Every single Iraqi knows Mithal al-Alusi, but for many non-Iraqis he is the only politician from Iraq who visited Israel, a move that drew a lot of media attention and public negative responses, for that he has been accused by many Arabs of treason, because his move "is an attempt to rip Iraq off from its Arab nationalism principle, and from its ultimate goal: The liberation of Palestine from Israeli occupation." All this because he attended an anti-terrorism conference in Israel in 2005.
Without going into the right or wrong of his doing related to that visit, the man made his visit public, but it was his fault for being honest. It is no secret nowadays the number of Iraqi and Arab politicians already visited Israel secretly in the past years, in peace and war times, and many made trade and economic deals behind the curtains with Israeli officials, while in public showed resentment, or at least rejection to the idea of having normal relations with Israel. So, what is the big deal?
Before I continue, I tried not to start this post on al-Alusi by writing about his visit to Israel. I did not want to sound like another media trumpet when talking about this politician, but I fell in the trap! It was not intentional.
Anyway, there no single person can ignore or even try to deny the fact that Mithal al-Alusi is one of the most outspoken figures among Iraq's politicians. To take the matter to extreme negativity, some describe him as being rude or ruthless - on a side note, some call it a good attitude depending on the situation. His outbursts at journalists and his reaction to questions during TV interviews on a number of occasions is resulted in mixed reactions, not to forget the reaction to his strong presence during meetings in the parliament.
The look at this man's face gives one indication: frustration mixed with anger, a lot of anger, but with sadness, in fact a lot of grief. I don't blame him, as one of the turning points of Mr. al-Alusi's life took place in 2005 when unknown armed men ambushed his convoy in western Baghdad in an assassination attempt, which resulted in killing two of al-Alusy's sons, Ayman, 29, and Jamal, 24, along with a bodyguard. Two years later, Culture Minister then, Asaad al-Hashimi, has been identified as the kingpin behind the killing and was convicted in absentee - Asaad al-Hashimi is now under arrest by an Arab government and should be returned to Iraq in the near future, unless...
I might disagree, and say that al-Alusi's facial expression of grief and anger are merely an expression of frustration towards the situation in Iraq, a bizarre situation where only "open-minded" Iraqis would share and agree to mourn, and to some extent explode from agony.
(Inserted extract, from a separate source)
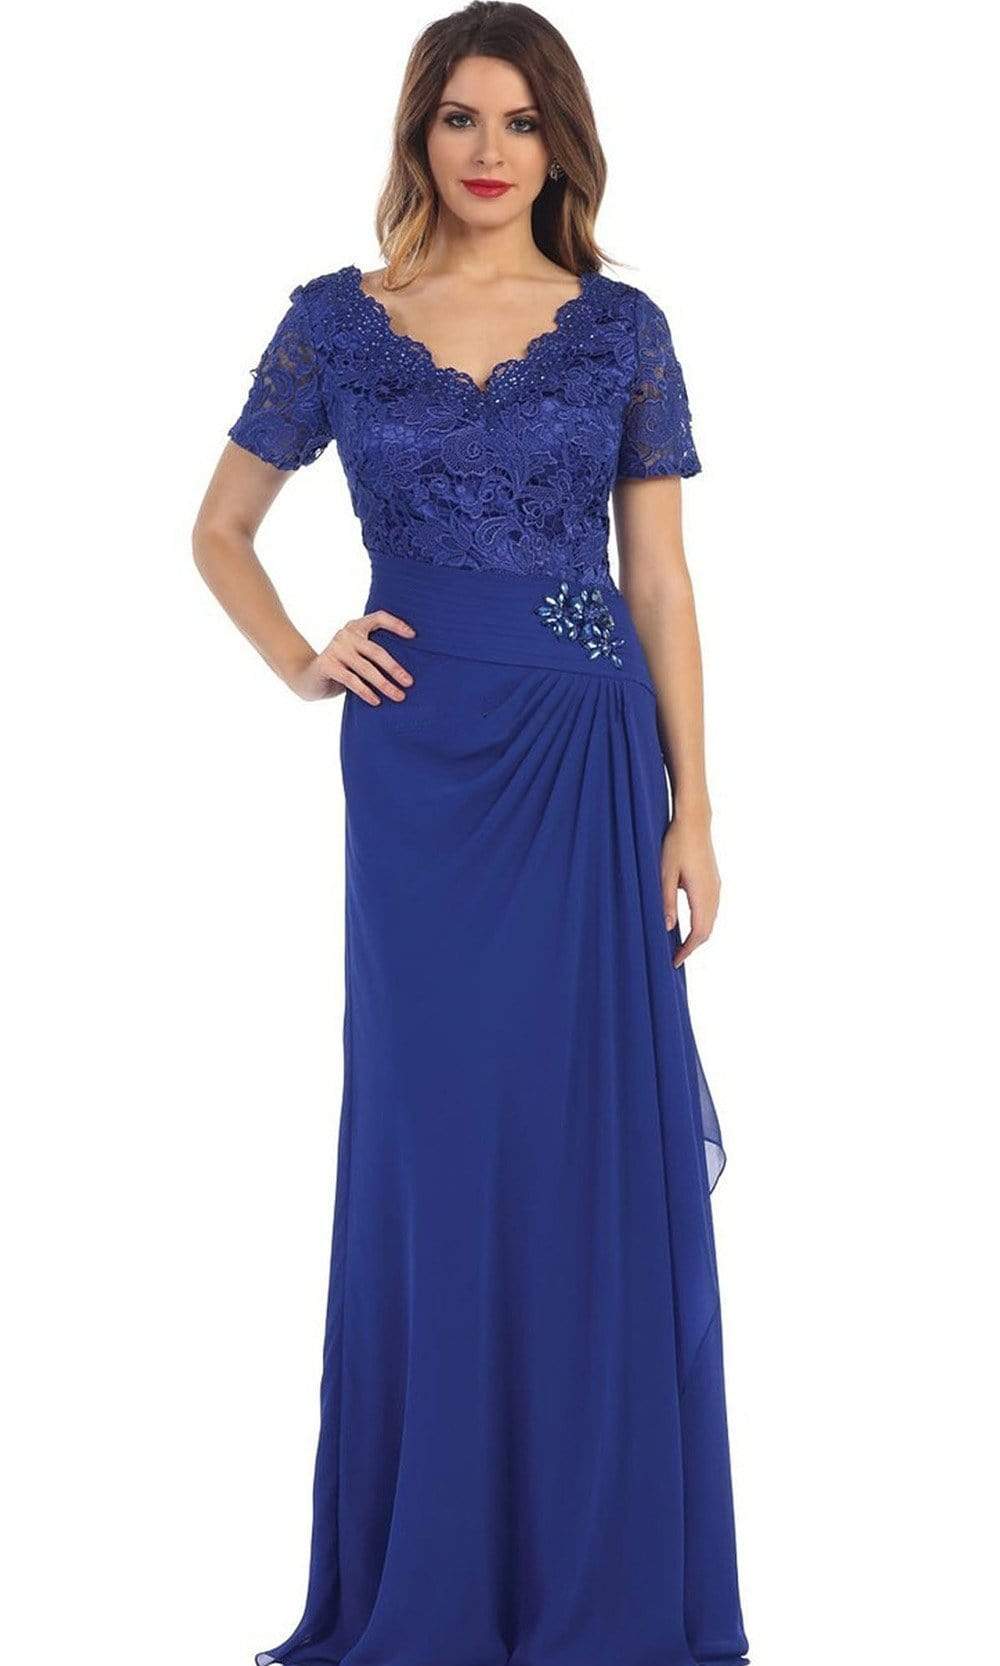 Image of May Queen - Lace Scalloped V-neck Sheath Evening Dress

When I say "open-minded", I am referring to those people who did not align themselves with some who took the news of the killing of al-Alusi's sons as an opportunity to take moral revenge or gloating, by saying "he deserve it, that traitor, because of his visit to Israel." This is non-sense, and inhuman, well, it is common that human value in Arab countries is considered the least to think about - Bush used Arab countries for the torturing and bring up confessions out of his Crusade war prisoners, remember? George W. Bush realize such fact and used it effectively.
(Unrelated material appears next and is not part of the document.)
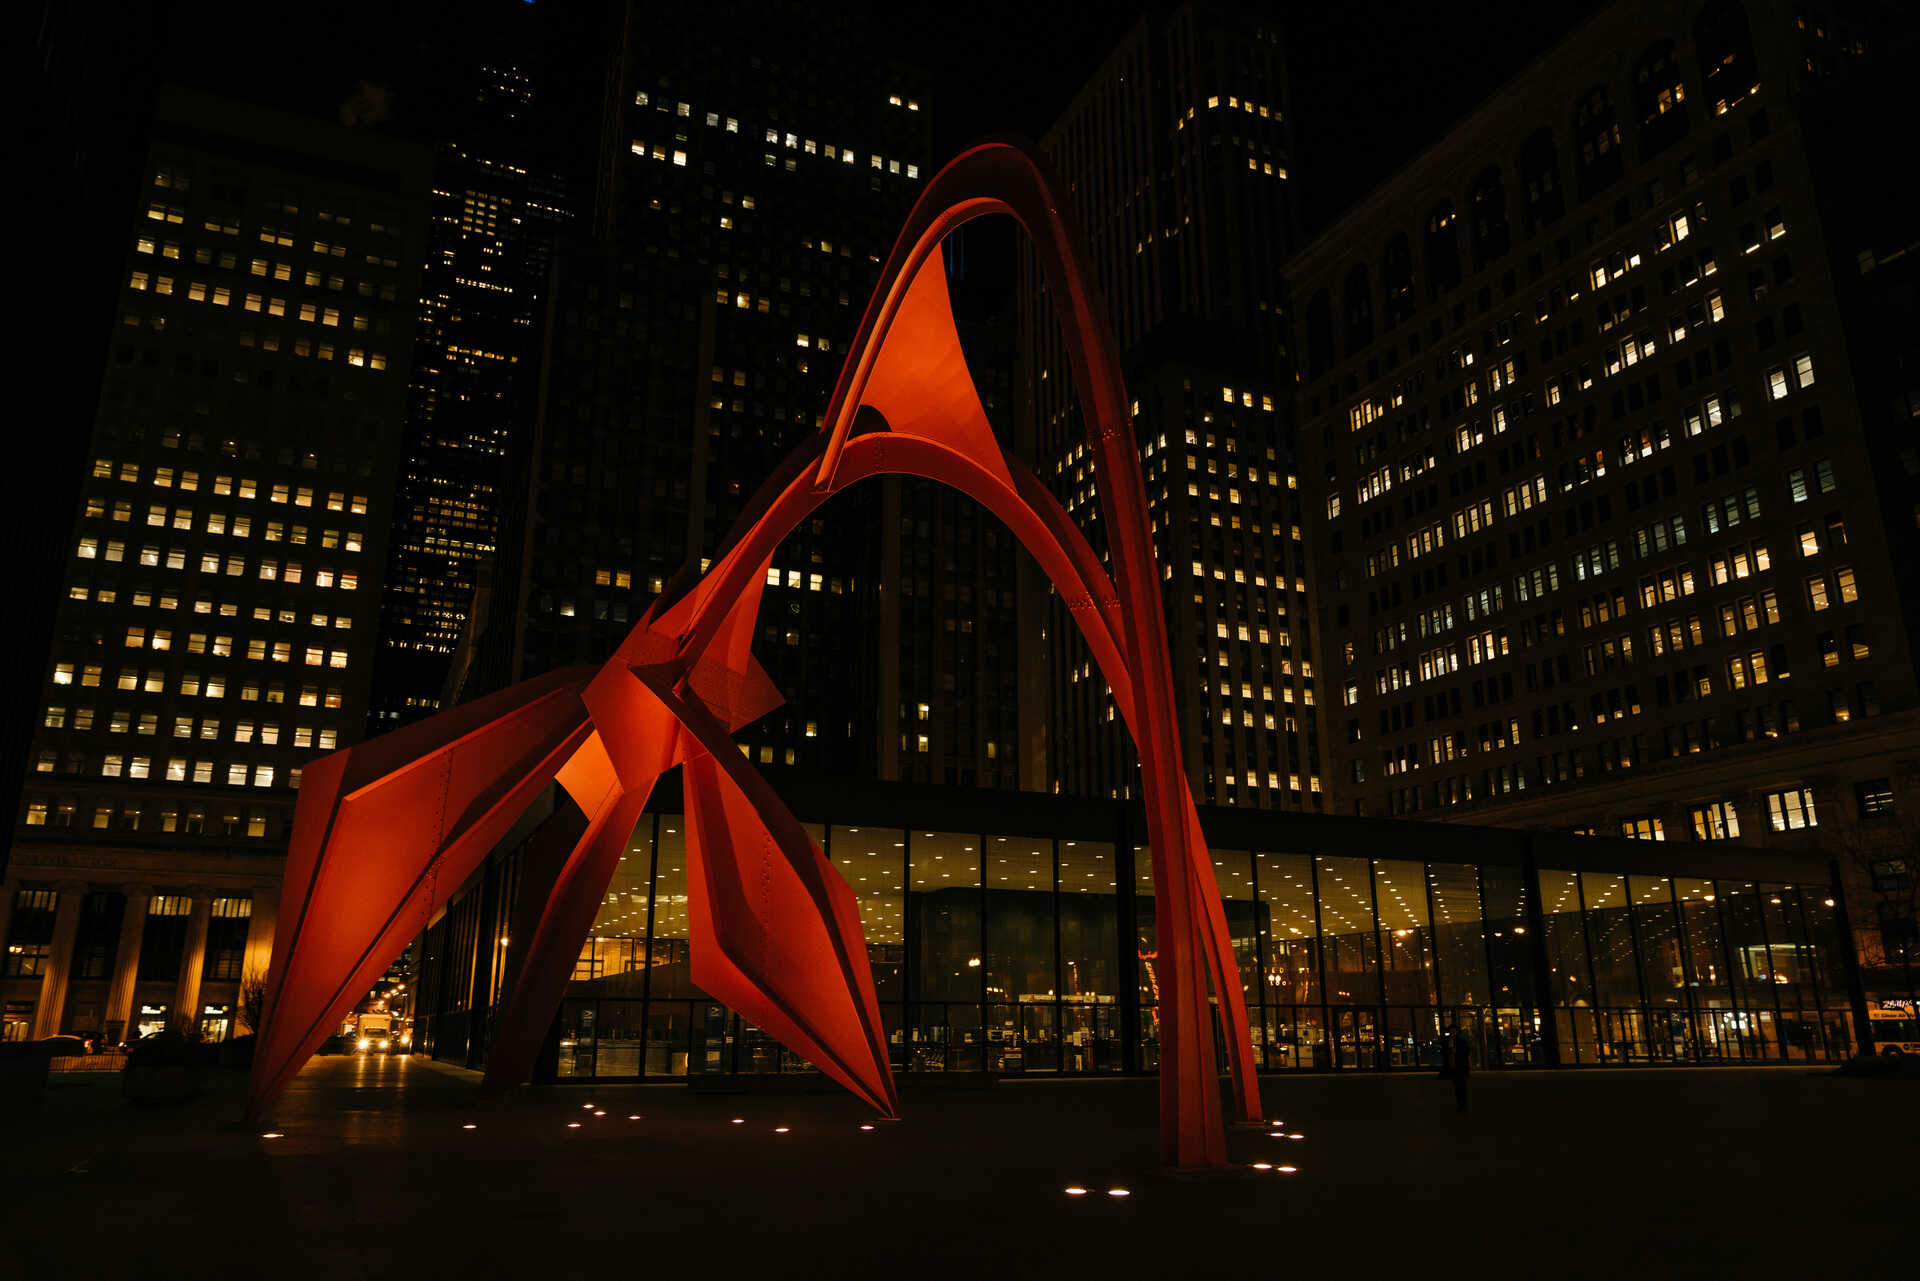 The Flamingo by Alexander Calder in Chicago, Illinois

Maybe for the above reasons Prime Minister al Malaki asked Mithal al-Alusi (twice?!) to take the position of head of Intelligence and Security system of Iraq. He declined the offer.
Al-Alusi political history is no secret, full of struggle regarding his opposition to the dictatorship of Saddam Hussain. He is affirmative and determine, for example, in December 2002, he was involved in the takeover of the Iraqi embassy in Berlin to protest Saddam's tyranny, and was convicted of hostage taking by a German court and sentenced to three years in jail. His sentence was later reduced to house arrest. After the fall of former regime in Iraq al-Alusi went back to Iraq and resumed his political career with some obstacles here and there due to his outspoken nature, but to all al-Alusi is not just another politician who used to live in exile (Germany), like many we know and heard about, who used to live on social benefits from his host country (and donations from sources with foreign agenda's), while attending meetings and conference to outset the then dictatorship in Iraq.
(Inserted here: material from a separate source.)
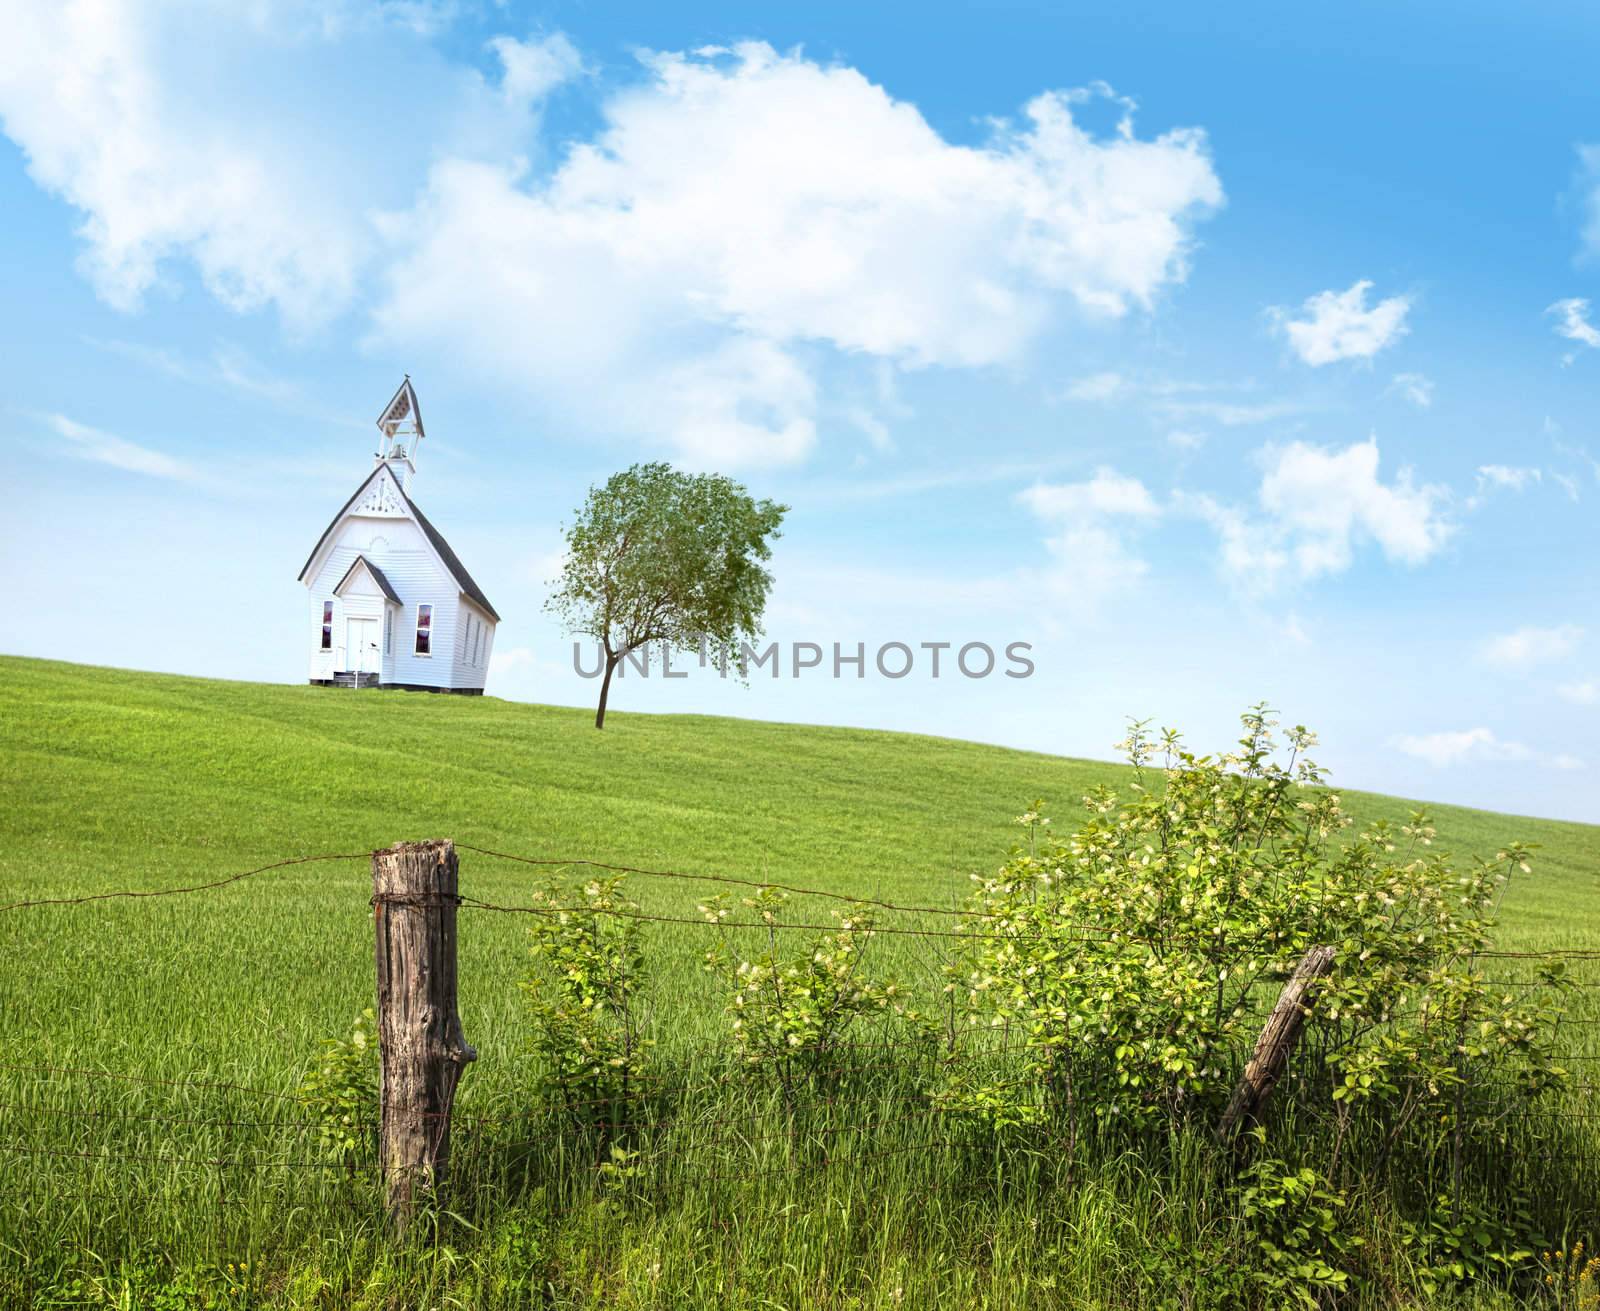 Old country school house  on a hill  by Sandralise

But... What can Mr. Alusi do for the future of Iraq?
Is he the right person for Iraq?
Iraq needs a strong man to rule, bring people altogether united. Iraq needs ONE figure to clean up the mess, at least for the coming period, at least for the coming 4 to 8 years, especially after the political, social, economic chaos we witnessed after the invasion of US forces and the sectarian violence engulfed the nation and fed by God knows who from east and west.
Wait… I don't want to be misunderstood, Iraq does not need another Saddam, and will never have another Saddam for many years to come, and maybe will never come. Iraq needs a strong political figure with a lot of power, a man who can compensate Iraqis for what they have suffered all the years that gone, but at the same time he can and without hesitation ram his fist do hard down and with might on those who dare to play with the fate of Iraq and the Iraqis.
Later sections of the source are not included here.